Measuring plasma insulin dynamics. A: Three representative time courses of rapid sampling blood glucose (Glucose, mg/dL) and plasma insulin levels (Insulin, ng/mL) from Cx36^+/+ mice during hyperglycemic clamp. Sampling rate is one per minute. The x-axis indicates the time after glucose infusion is started. #, center of each pulse identified during pulse analysis. B: Three representative time courses of rapid sampling glucose and plasma insulin levels from Cx36^−/− mice during hyperglycemic clamp, as in A. C: Time-averaged blood glucose in male littermate Cx36^+/+ mice (black bars) and Cx36^−/− mice (white bars) at 16–17 weeks of age before and during the hyperglycemic clamp, 40 min after the start of glucose infusion. n = 10 and 8 mice in Cx36^+/+ and Cx36^−/− groups, respectively. D: Time-averaged plasma insulin levels corresponding to measurements made in C. E: Time-averaged glucose infusion rate required to establish glucose clamp in C. F: Norepinephrine levels at the end point of hyperglycemic clamp combined from both T0 and T40 groups, averaged over n = 8 mice in each experimental group. *, significant difference (P < 0.05, Student t test) comparing each measurement in Cx36^+/+ and Cx36^−/− mice.

FIG. 3.

Analysis of plasma insulin oscillations. A: Representative time courses of plasma insulin levels from a Cx36^+/+ mouse (trace iii in Fig. 2A) together with pulse analysis, which is offset for clarity.
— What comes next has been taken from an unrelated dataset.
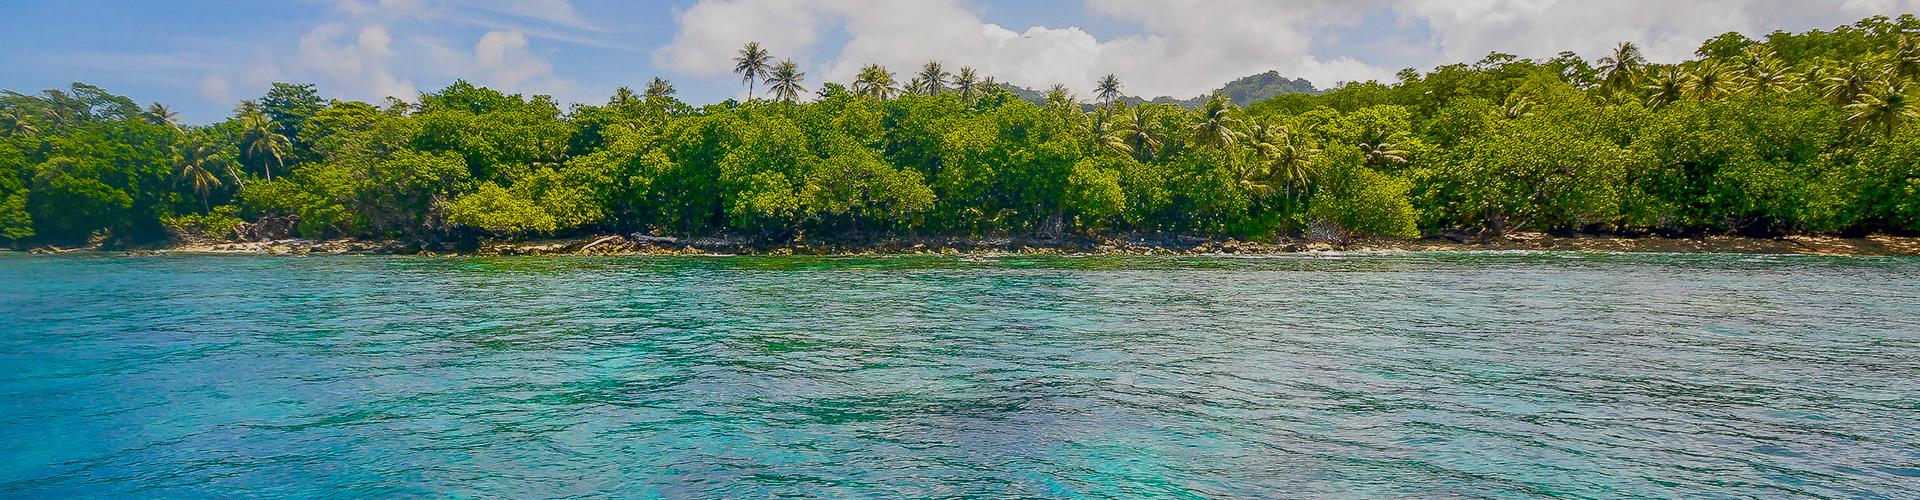 Landmark photograph of Micronesia

B: Representative time courses of plasma insulin levels from a Cx36^−/− mouse (trace iii in Fig. 2B) together with pulse analysis, as in A. C: Mean time interval between consecutive pulses for Cx36^+/+ and Cx36^−/− mice, 0 (T0) or 40 min (T40) after glucose infusion. n = 5 and 10 Cx36^+/+ mice and 5 and 8 Cx36^−/− mice in the T0 and T40 groups, respectively. D: Pulse regularity, defined by the SD of pulse interval in each time course for Cx36^+/+ and Cx36^−/− mice, as in C. E: Mean pulse area for Cx36^+/+ and Cx36^−/− mice, as in C. F: Mean pulse amplitude above basal levels for Cx36^+/+ and Cx36^−/− mice, as in C. *, significant difference (P ≤ 0.05, Student t test) comparing each measurement in Cx36^+/+ and Cx36^−/− mice.

FIG. 4.

First-phase insulin secretion in vivo and ex vivo. A: Mean time course of plasma insulin levels from Cx36^+/+ (■) and Cx36^−/− mice (◇) before and immediately after glucose infusion, as well as between 45 and 55 min after glucose infusion. Sampling rate is one per minute. n = 5 littermate mice in each group. B: Mean time course of insulin secretion levels from isolated Cx36^+/+ and Cx36^−/− islets (per 100 IEQ) after elevated glucose levels. Arrow indicates glucose step from 2.8 to 11.1 mM. Sampling rate is 0.5 per minute until t = 20, then 0.25 per minute thereafter. n = 6 sets of islets from individual mice in each group. *, significant reduction; †, significant elevation (P < 0.05, paired Student t test) in Cx36^−/− islets compared with Cx36^+/+ islets. C: Summary of mean plasma insulin levels prior to glucose infusion (basal), peak plasma insulin levels 1–3 min after glucose infusion (first phase), and mean plasma insulin levels 45–55 min after glucose infusion (second phase). D: Summary of mean insulin secretion levels during perifusion, prior to glucose elevation (basal), peak insulin secretion at 10 min after glucose elevation (first phase), and mean insulin secretion 40 min after glucose elevation (second phase). E: Mean time from first-phase peak of insulin secretion to first minimum of insulin secretion. F: Mean time-integrated insulin secretion from initial elevation at t = 5 min to first minimum of insulin secretion between t = 10 and 20 min. *, significant difference (P < 0.05, Student t test); NS, no significant difference (P > 0.1, Student t test), comparing each measurement in Cx36^+/+ and Cx36^−/− mice or islets.